The genetic algorithm is simple enough for anyone to understand, using biological terms taught in
high school. Take a population of individuals, each with DNA of their own. Then measure each
individual's fitness (measured as a function applied to the individual's DNA) and make the
individual more likely to procreate if he is more fit. Extremely unfit individuals are killed off. Every
survivor gets a chance to procreate (and it is important that procreation is never denied to a
survivor, only made less likely if he is less fit). Merging the parents' DNA, and then applying a
random mutation to the merged DNA simulates procreation. The new individual will, in theory, be
as fit as the parents, plus or minus a small variance caused by the mutation. The cycle is then
repeated.

Genetic Algorithms FAQ


See the Resources section for the link to the Genetic Algorithms FAQ. The FAQ includes the
Algorithm GA and points to suites of genetic algorithm software, both free and commercial.
There are, obviously, many variables that can affect the genetic algorithm, including population
size, generations (iterations of the algorithm), merging method, fitness function, how fitness affects
procreation chances, and how much mutation happens.

There are some drawbacks to the algorithm, as well. It works best if the fitness function is applied
to the DNA as a series of bits. In other words, it's best if the DNA is a series of binary options, yes
or no. Blue eyes? Black eyes? Red hair? Black hair? Merging of parent DNA and subsequent
mutation should not allow certain combinations of bits, because the resulting DNA will not be a
valid solution to the original problem. Remember that the "DNA" is nothing more than a solution to
a mathematical fitness formula. Some values used in that formula may be invalid -- for instance,
dividing by zero.

In addition, the genetic algorithm is not bound by time. You pick the number of generations. You
can define some goal -- for instance, "look for an individual with fitness of 0.99999" and stop there,
but then the algorithm may never end because it hasn't found that individual. That can be a problem
if you set unrealistic goals or too few generations. Trial and error, and a good feel for the problem,
are the best ways around this issue.

The fitness formula should return a floating point number between 0 and 1. Other ranges can be
used, but in my experience floating point numbers work best. You may want a range between 0 and
32767, for instance, if you want the fitness to be a 7-bit integer for optimization.

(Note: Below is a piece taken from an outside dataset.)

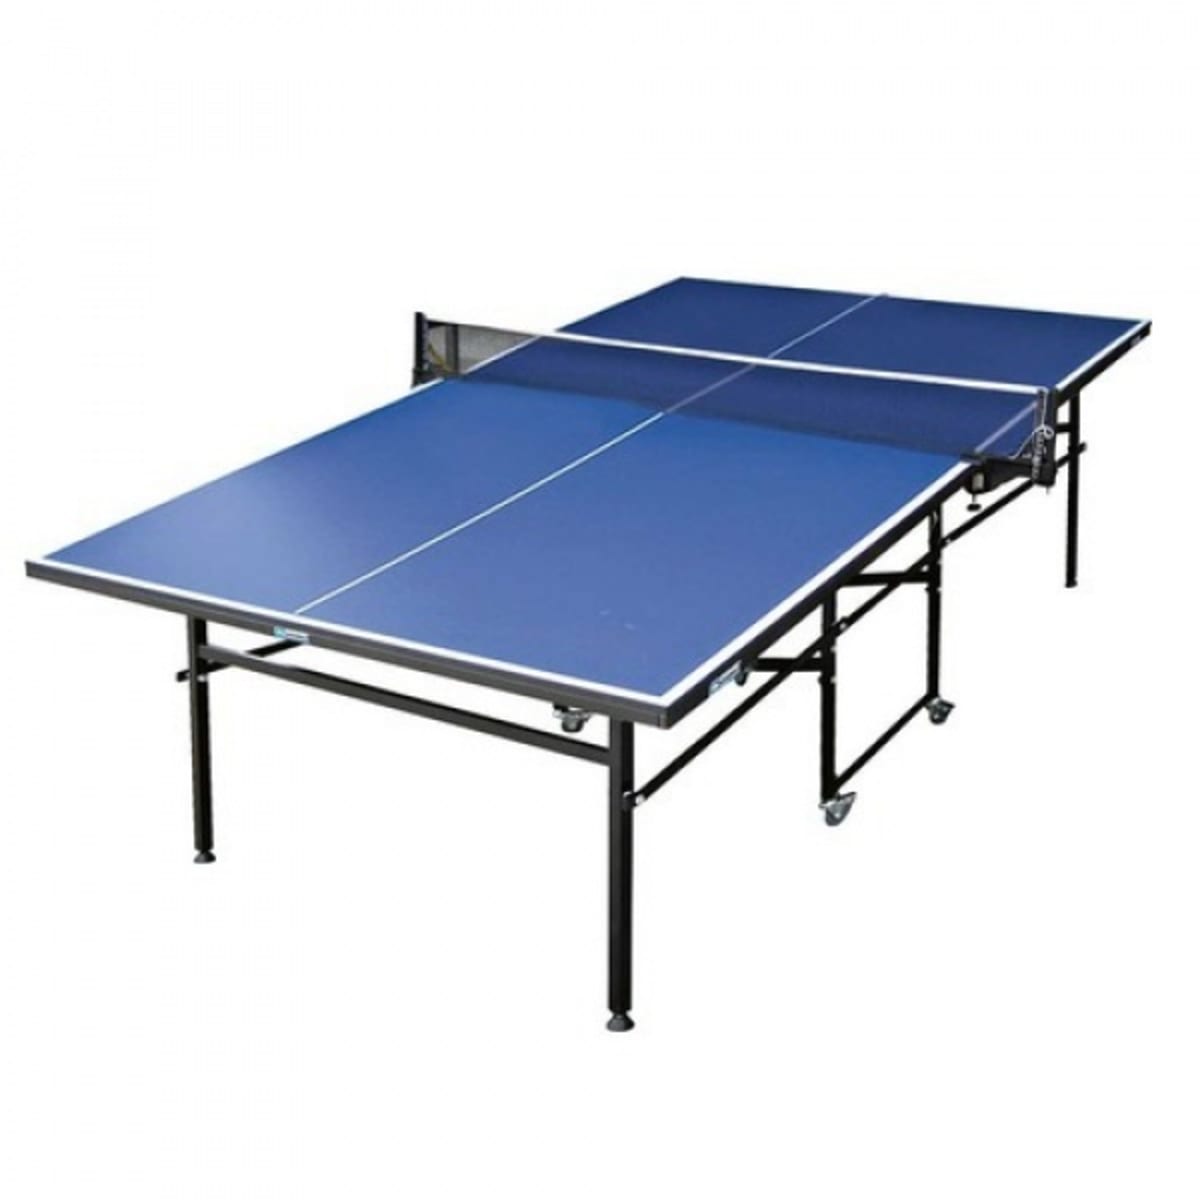 De Young Indoor Table Tennis Board Konga Online Shopping

Of course, delaying optimization until you know it's needed is a good idea, so you should at least
start with a simple fitness formula. The fitness formula is the most-used function in the genetic
algorithm (it will be invoked (population size) x (generations times)), so you should make it as
simple and as fast as possible.

There are three "good" ways to exit the genetic algorithm. First, you can decide to exit if there is no
variety in the DNA pool anymore. This is a tricky test, actually, and a CPAN module for finding the
distance of strings might be useful here, as long as you can represent the DNA as a string. Second,
you can exit if you have reached a fitness goal. Unless you have a very good understanding of the
fitness formula (in which case, you probably don't need the genetic algorithm anyway), setting a
fitness goal can result in either infinite loops, or an individual who is only "good enough." Third,
you can exit the algorithm after a set number of iterations, or "generations."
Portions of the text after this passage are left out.